This content is translated with AI. Please refer to the original Traditional Chinese version (zh-TW) for accuracy.

The story goes like this: In the massive hardware industry, no single company can independently create a chip. Even Tier-1 companies like Nvidia and AMD have many designs that come from licensed IP (Intellectual Property). Modern chips are like building blocks of IP, where each block may represent the hard work and dedication of countless engineers, along with the substantial investment in verification and optimization.

If you want to license your design to others, you certainly can't just offer up the RTL code for free. Otherwise, the buyer could directly look at your code, understand the concept, and implement it themselves. Protecting hardware intellectual property rights is so important that IEEE even has a standard IEEE 1735 to address this issue. All major EDA (Electronic Design Automation) vendors have tools that support IEEE 1735; the latest version is the second edition, released in 2023.

The operating principle behind it can be briefly summarized as follows:

  1. Each EDA vendor, if following the IEEE1735 standard, will retain a private key and publicly publish the corresponding public key.
  2. When providing IP, the IP vendor applies for the public key from the EDA vendor or uses the published public key to encrypt an AES key.
  3. Encrypt the entire file with the AES key and send it to the IP user.
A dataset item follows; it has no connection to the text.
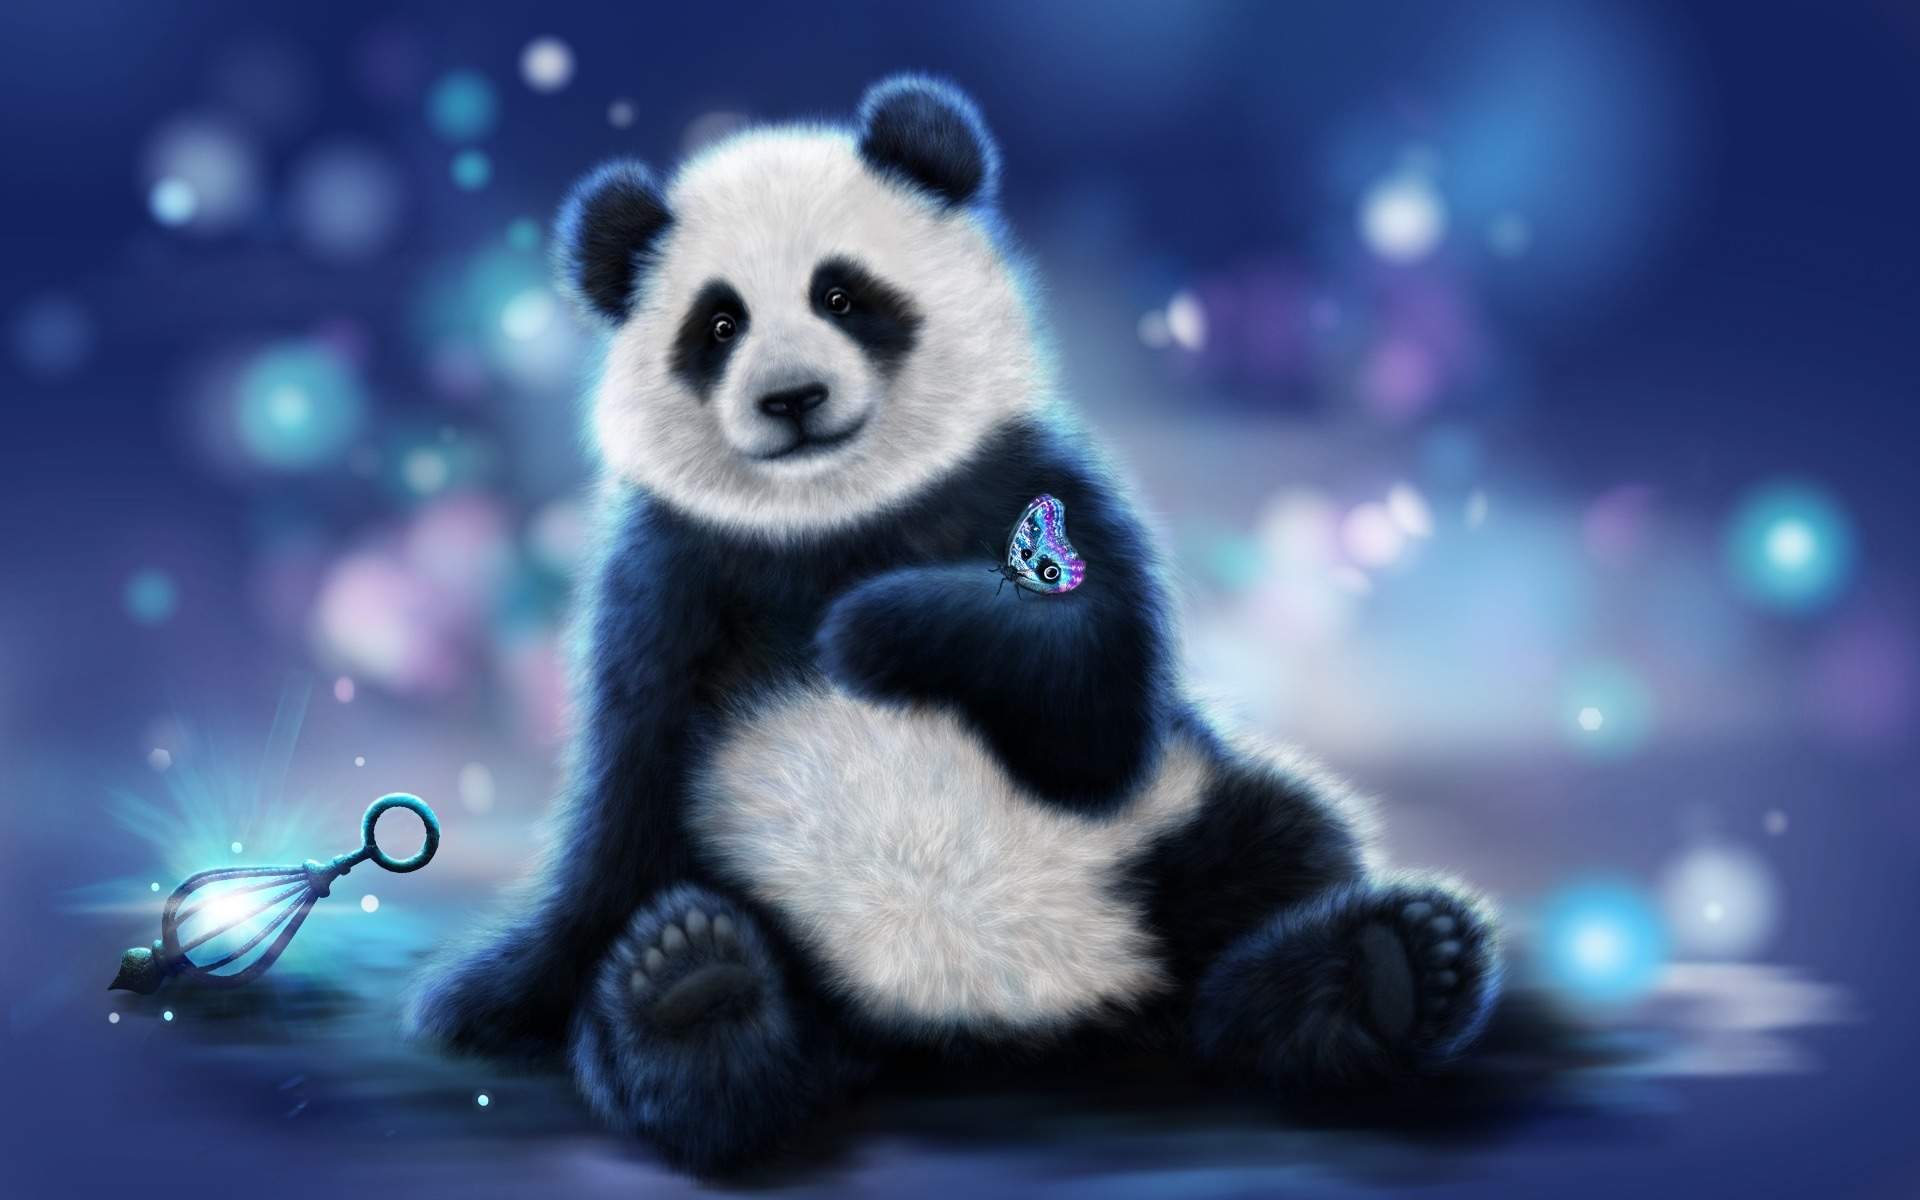 Panda Cute Wallpaper HD For Desktop Of Cute Panda Baby

When the IP user opens the encrypted file with EDA software, the software can decrypt the AES key encrypted by the public key because it carries the private keys of various vendors. Once the AES key is obtained, the file can be decrypted. Without the private key, others cannot derive the AES key, thus achieving the protection of the implementation.

Putting theory aside, the mainstream examples currently use the RSA public key cryptosystem combined with the AES-128-CBC mode, and there have been incidents of security vulnerabilities . Of course, this is not the fault of the vendors, as the private key, once written into the software, must be located somewhere. At worst, it can almost certainly be retrieved from memory. To effectively mitigate this issue, obtaining a key from the vendor via the network during decryption may be the only solution, but this would prevent offline execution.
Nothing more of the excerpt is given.